И было похоже, что мы не рыбачили, не красноперку в татарском крае ловили, а таскали жар, пылающие еще угли и головешки из былых, а может, и теперешних татаро-монгольских кострищ. Воровали и запивали жажду воровства сыродоем молодых кобылиц. И опоенные им, похмельно истаивали, растворялись в давно отлетевшем дыму по тальниковым берегам неведомых нам, но связанных меж собой и вовсе не протоками, самим временем жилами, прожилками, артериями и венами — кровеносно, — что невидимо и очень древне протачивались и сходились в великой татаро-русской реке негаснущей вечности Итиль-Волге.
Не потому ли сарайские красноперки, от килограмма и более, околдовывали. Доступной, чарующей привлекательностью чего-то требовали от нас и взамен. Не могу судить: вымогающе, просяще, невзначай или нарочно, но все же. И что-то имели, брали у нас. Мы теряли возле них исконно свое. Вековое, полесское.
Жертвуя собой, они вроде предчувствовали, а может, и знали, что им это оплатится, вернется с лихвой. А мы, удачливые ловцы, уже нигде и никогда не избавимся от их русалочьего наваждения. Их искушающего не только нас, ночью и на рассвете при полной и молодой луне мерцанием и отзвуками половецких плясок, цветных сполохов огня и пламени, холодно испепеляющего жара плавников, сводящей с ума патины их раздвоенно-русалочьих хвостов. И мы никогда уже не избавимся, не изболеем вековой печалью их глаз, переданной подчас разлучной тоски, того, что отныне и всегда будем носить в себе.

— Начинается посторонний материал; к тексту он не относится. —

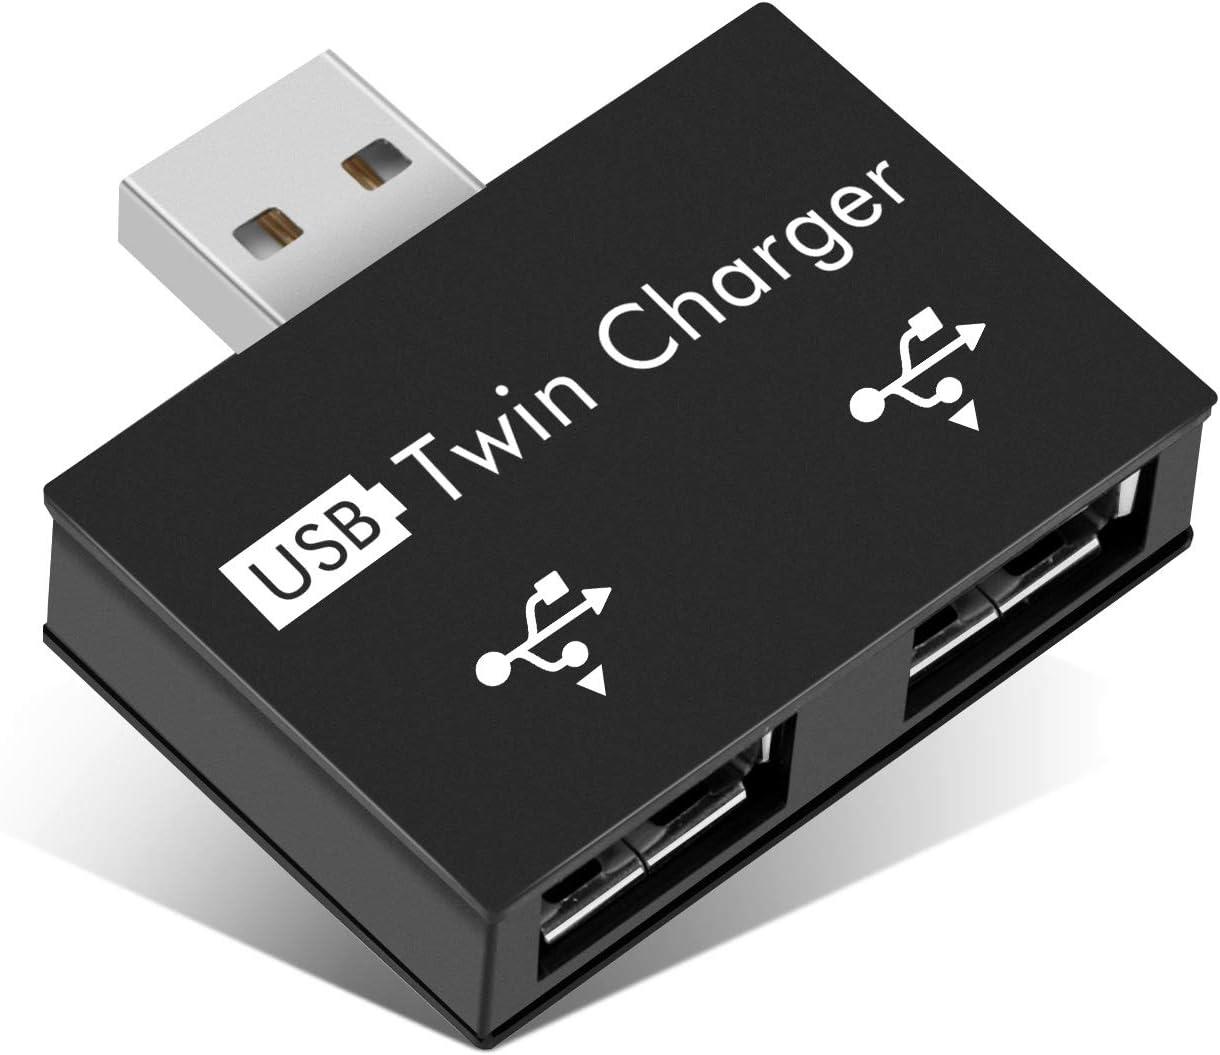 USB2.0 2-Port, Portable 2-Port USB Hub, Male to Dual USB Female Adapter for Laptops Desktops(Black)

Как мы бежали из столицы Чингисхана, сегодня уже не помню. Давно простился с памятью прошлых, своих и чужих погонь. Но они были. И я бесконечно убегал, убегал, убегал. Может, и не жил, а бежал, бежал, бежал. По своей и чужой земле, потому что, оставив свою, поторопился сродниться с чужой, но потерял и ее.

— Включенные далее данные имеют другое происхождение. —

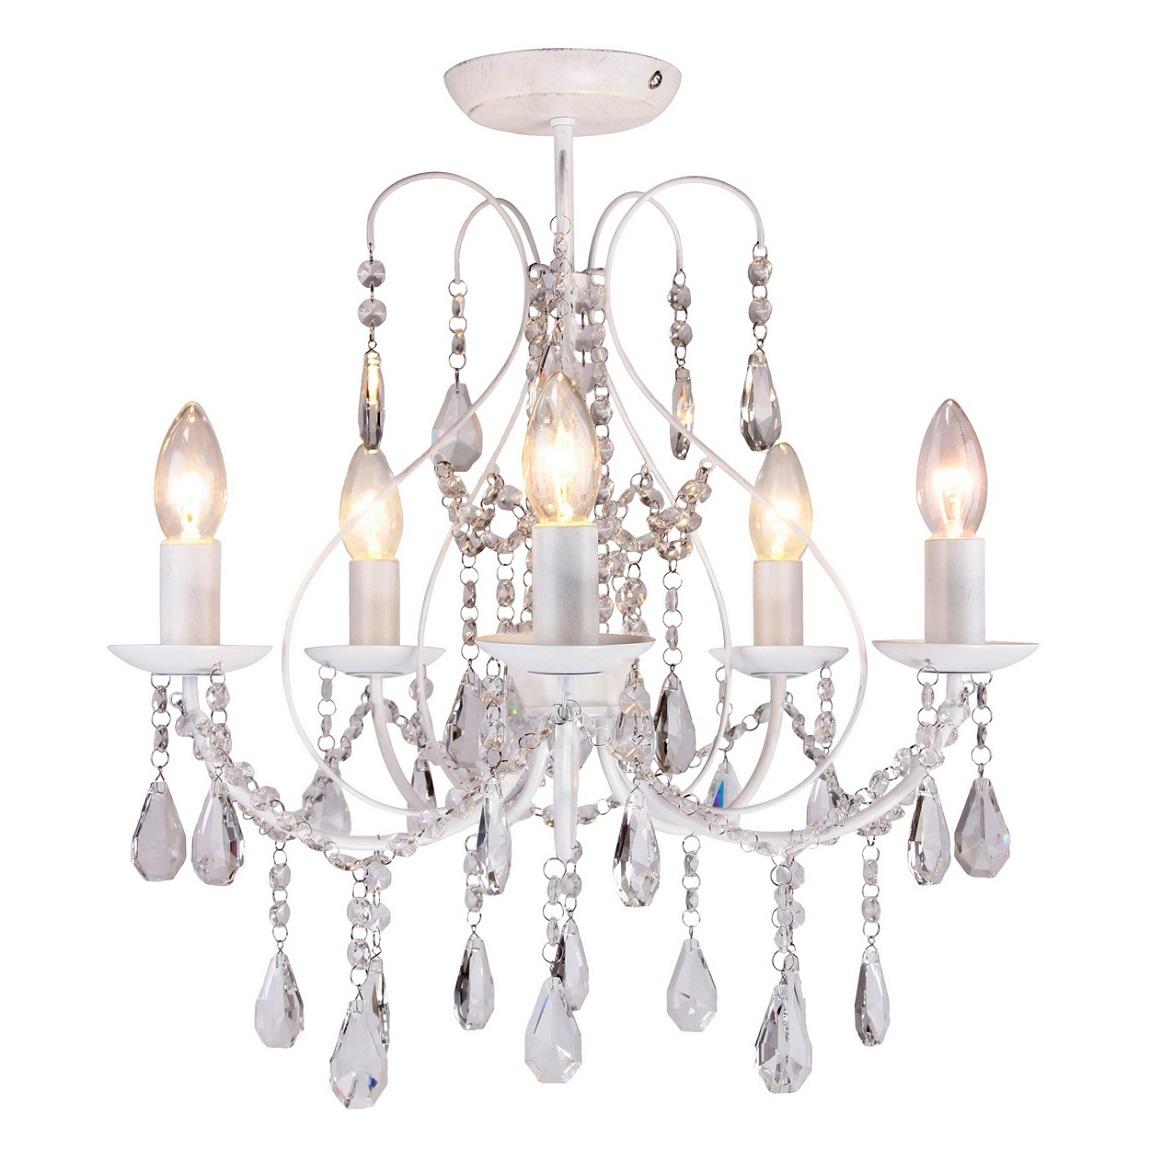 Debenhams Home Collection Katherine Flush Ceiling Light

На стареньком, больном всеми советскими автомобильными хворями, рябом четыреста двенадцатом, лягушечье облезлом «Москвиче», мы вырвались из жара и кумысно-полынного степного духа чингисханства, и — ноги в руки, попутного ветра мотору и багажнику. Но опять недолго. Где-то уже на подъезде к Волгограду наш «Москвич» не выдержал смешанного цивилизованного и средневекового дыхания Европы и Азии. Всхлипнул, задрожал конской дрожью. Прощально щелкнул, как челюстями, нутром и отдал концы, дал дуба. В город нас доставили на буксире, усталых, но довольных. Казалось, навсегда пресыщенных красноперкой, сложивших не только плавники, но и ласты, если мы их заимели, что очень близко к правде.
Потом были иные рыбалки и ловы. Другие рыбы утешали, продлевали и укорачивали жизнь, доводя порой до предынфарктного состояния. Возносили на седьмое небо и низвергали в преисподнюю. Монголо-татарская красноперка, казалось, навсегда ушла в прошлое, не оставив в памяти и зарубины. Чужое все же есть чужое, хотя и дармовое, халявное.
Но опять же, не только мы играем в жизнь и другие азартные игры. Жизнь, наш кратковременный партнер и противник, не дает нам спуску. Отслеживает каждый наш шаг, иногда дарует удачу, а чаще ставит подножку и насмехается — хочешь насмешить Бога, составь план, — с нашей же страстью охолаживает и остепеняет нас. Особенно когда мы зарываемся, веря, что уже ухватили кое-кого за бороду. Очень даже не прочь перекинуться с нами в подкидного. И здесь уж неизменно самые фартовые шулеры в конечном счете всегда в дураках. В азартные игры опасно играть не только с державой и властью, но и с судьбой. Но это так, к слову.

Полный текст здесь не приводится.